Около двух дней висели они так; их туловище надулось, передняя часть немного сгорбилась, головки сделались тоньше; потом, после нескольких судорожных движений, какие делали гусеницы, когда они линяли, кожица на спине у них лопнула, и из нее показались уже не гусеницы, а куколки.
Чтобы не упасть на землю, каждая куколка захватила как клещами, только что отставшую шкурку краями брюшных колец, приподнялась, прихватила шкурку следующими кольцами, отпуская первые, и стала подниматься таким образом все выше и выше вдоль едва покинутой ею шкурки, пока кончик ее хвоста не достиг до бугорка из паутины, к которому она и поспешила прицепиться тонкими, незаметными для нашего глаза крючочками.
Шкурка прежней гусеницы – пустой кожистый чехлик висит около нее, но это как будто не нравится куколке: новым судорожным движением сгибает она конец брюшка, пока не достанет до чехлика, и вертится волчком то вправо, то влево, пока не сбросит его.
Вот здесь и там на заборе и под навесом уже висят поодиночке готовые куколки и отдыхают от трудов: довольно им уже ползать по крапиве и неутомимо истреблять ее, – набранный ими запас пищи, превратившийся в жир, будет теперь спасать их от голодной смерти. Как все изменилось в них с тех пор, как они перестали быть гусеницами и сделались куколками! Ног у них уже нет больше, – да и зачем понадобились бы висячей куколке неуклюжие ноги гусеницы? Голова тоже совершенно изменилась: огромные челюсти исчезли без следа: они не понадобятся уже бабочке, пища которой будет состоять из цветного сока и из свежей росы. Внутренние органы должны тоже сильно измениться: бабочке не понадобятся и сильно развитые кишки гусеницы и ее объемистый желудок, – их место должны занять другие органы, но это делается не сразу. Если бы вы вскрыли куколку скоро после ее превращения, вы увидали бы внутри нее одну слизь, из которой потом уже постепенно начнут развиваться внутренние части бабочки. Зато снаружи, на оболочке куколки, вы ясно уже можете различить маленькие ножки и крылья будущей бабочки, можно уже различить и головку со щупальцами и хоботком.
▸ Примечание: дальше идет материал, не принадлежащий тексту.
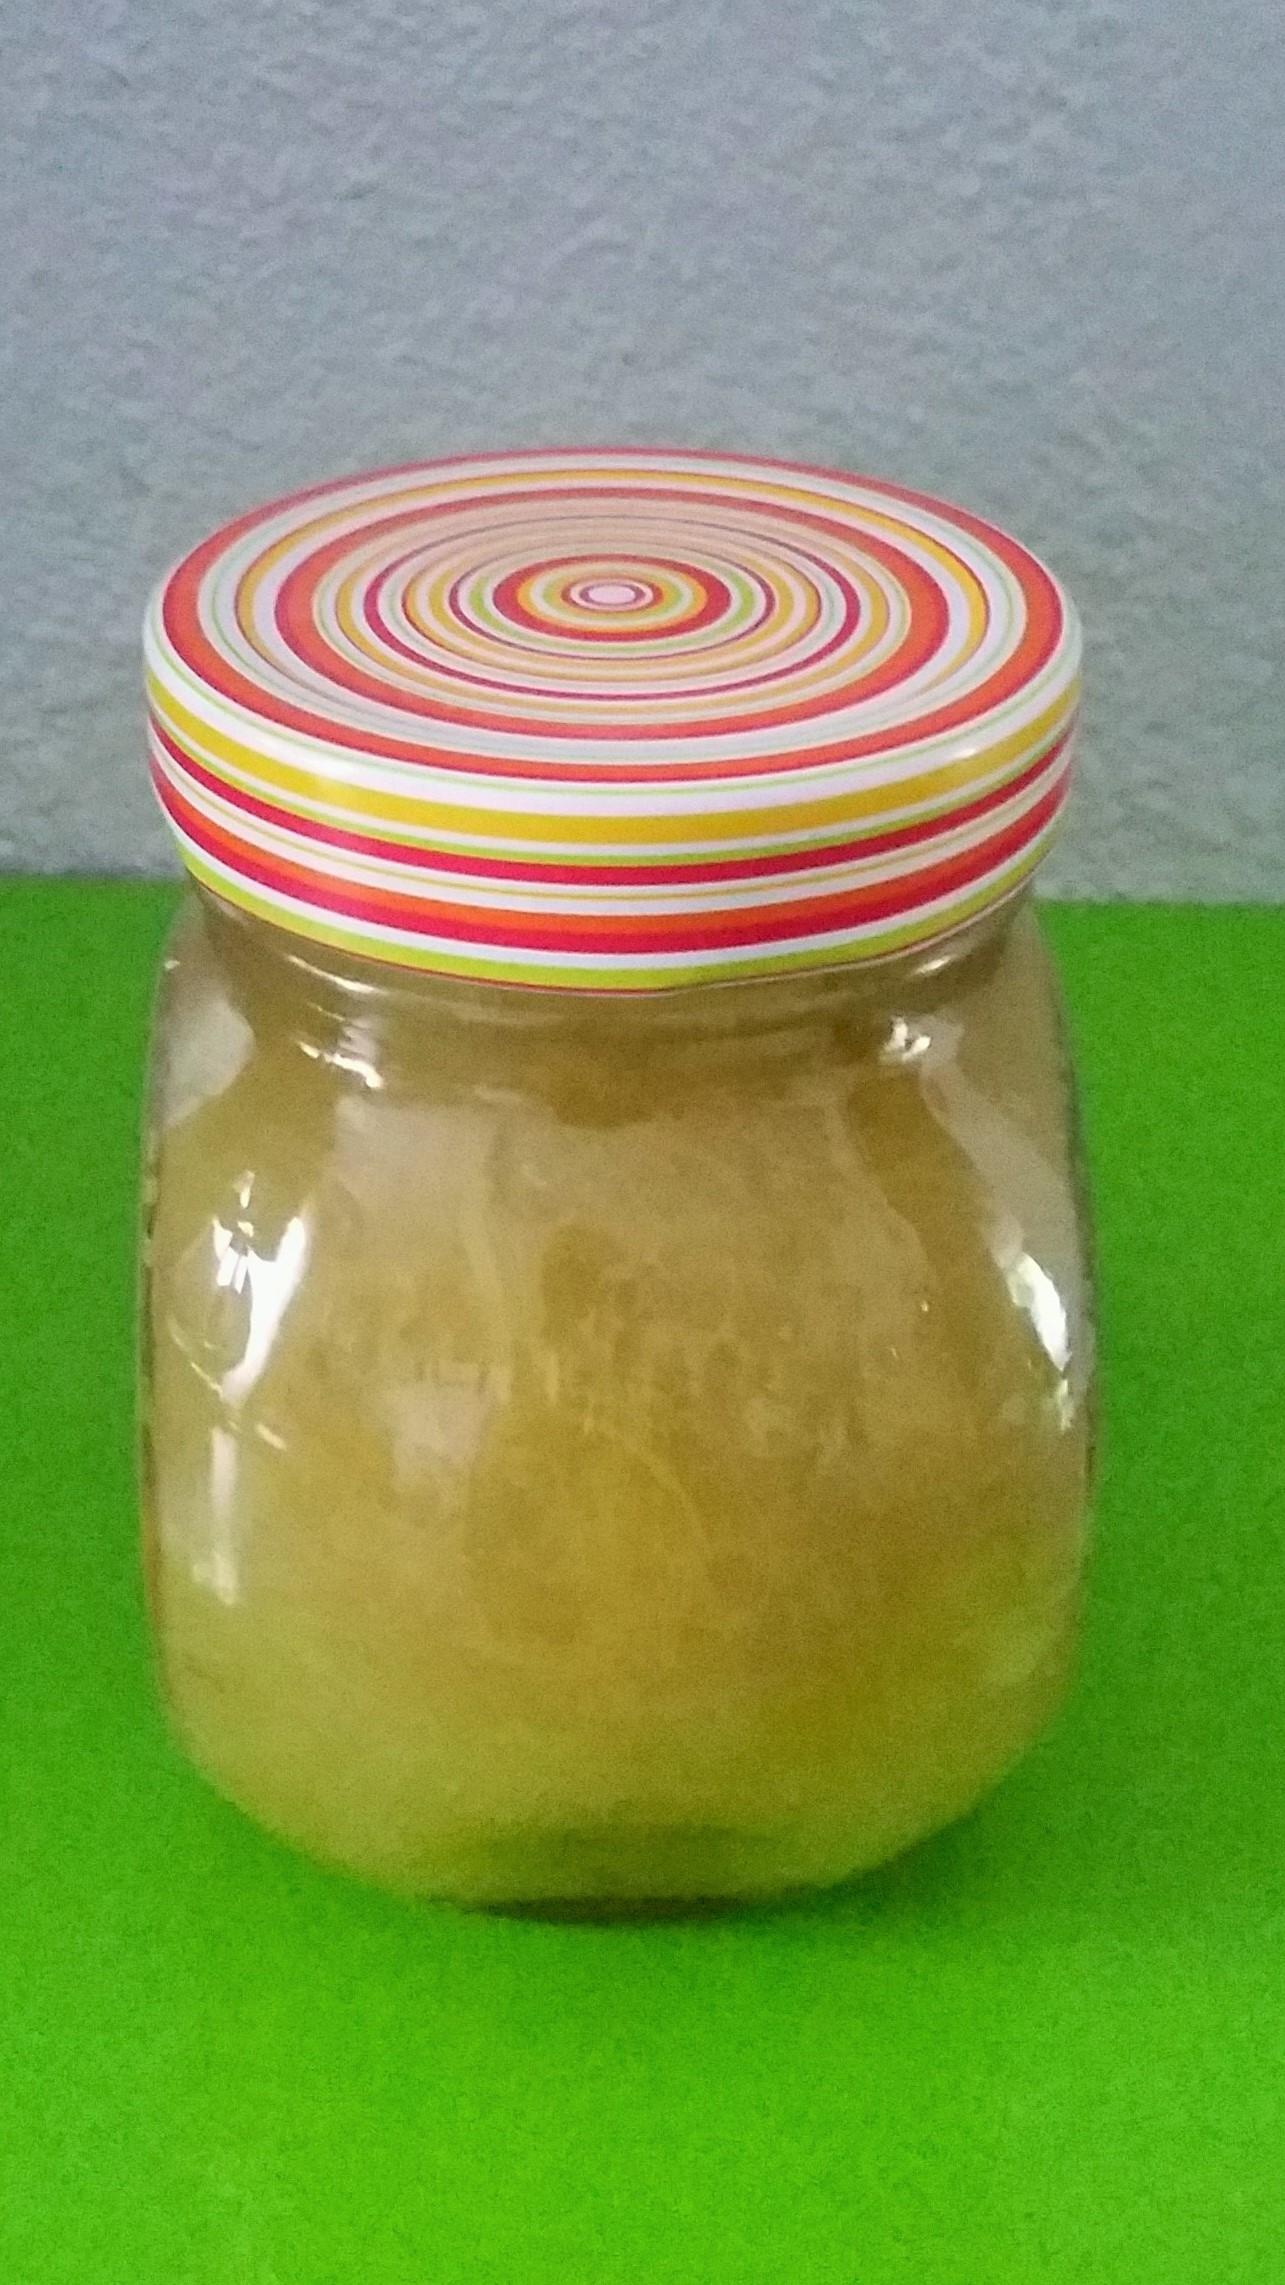 Confiture De Rhubarbe Et Pommes : confiture, rhubarbe, pommes, Confiture, Rhubarbe, Pomme, P'tit, Labo!

Кроме того, у куколки нашего павлиньего глаза есть еще два ряда маленьких зубчиков вдоль спины; отдельный зубчик в виде носа; два больших зубца с боков в виде ушей и две больших темных глазных точки украшают ее головку, придавая ей удивительное сходство с человеческим лицом, скривившимся в гримасу.
Маленькие куколки висели и ждали своей последней перемены. Я не мог видеть всего того, что с ними происходило, но я не мог не замечать того, как с течением времени они изменялись: рисунок крыльев мало-помалу уже просвечивал сквозь оболочку, острые уши и нос тоже сделались прозрачными. Вот куколка зашевелилась, вытянулась внутри; поперечный шов за ушками разорвался, и вся передняя часть с чехлом для крыльев отделилась; из-под нее показалась головка с усиками и хоботком, ножки вышли одна за другою, вот они хватаются своими коготками за оболочку куколки, и после нескольких слабых движений брюшка оживший мертвец уже висит, прицепившись к стенке своего гробика.
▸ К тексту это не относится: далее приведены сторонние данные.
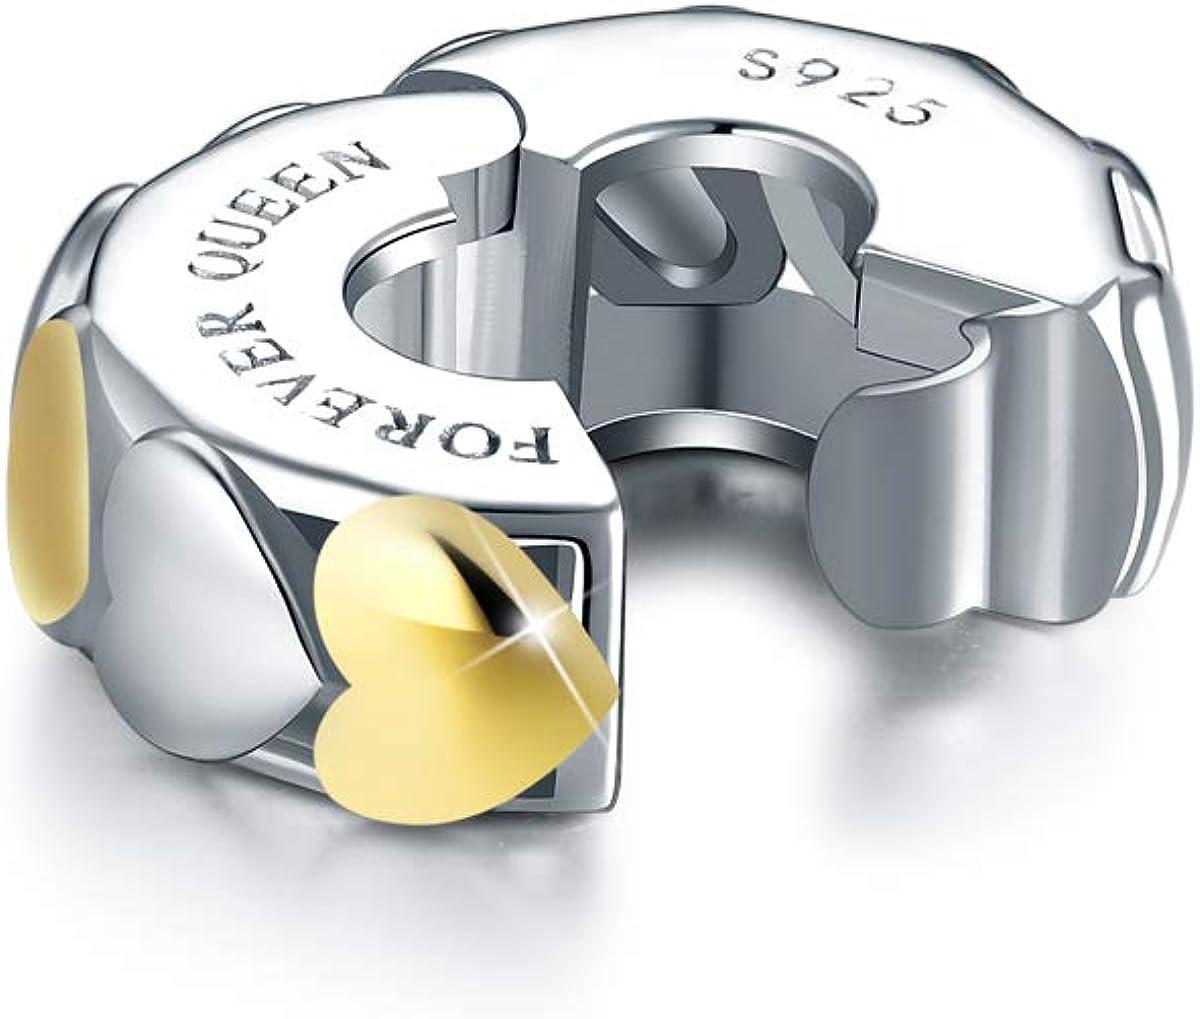 Cl/ásico Clip Stopper Charms Plata de Ley 925 Compatible con Pulsera FOREVER QUEEN Abalorios Charm de Coraz/ón de Espaciador

Это уже настоящая бабочка, но где же ее крылья? А вот они висят нежными, мягкими лопастями по бокам тела, свернутые на концах в трубочки. Они растут на наших глазах, вытягиваются, расправляются, и вот перед нами прелестная бабочка с красновато-коричневыми крыльями, красиво украшенными крупными блестящими глазками, напоминающими рисунок на хвосте павлина (отчего эта бабочка и получила свое название).
Ее крылышки еще слабы, но от нескольких движений они окрепнут; после третьего или четвертого взмаха бабочка уже опускает свои слабые ножки и легко поднимается на воздух, который отныне будет ее жилищем.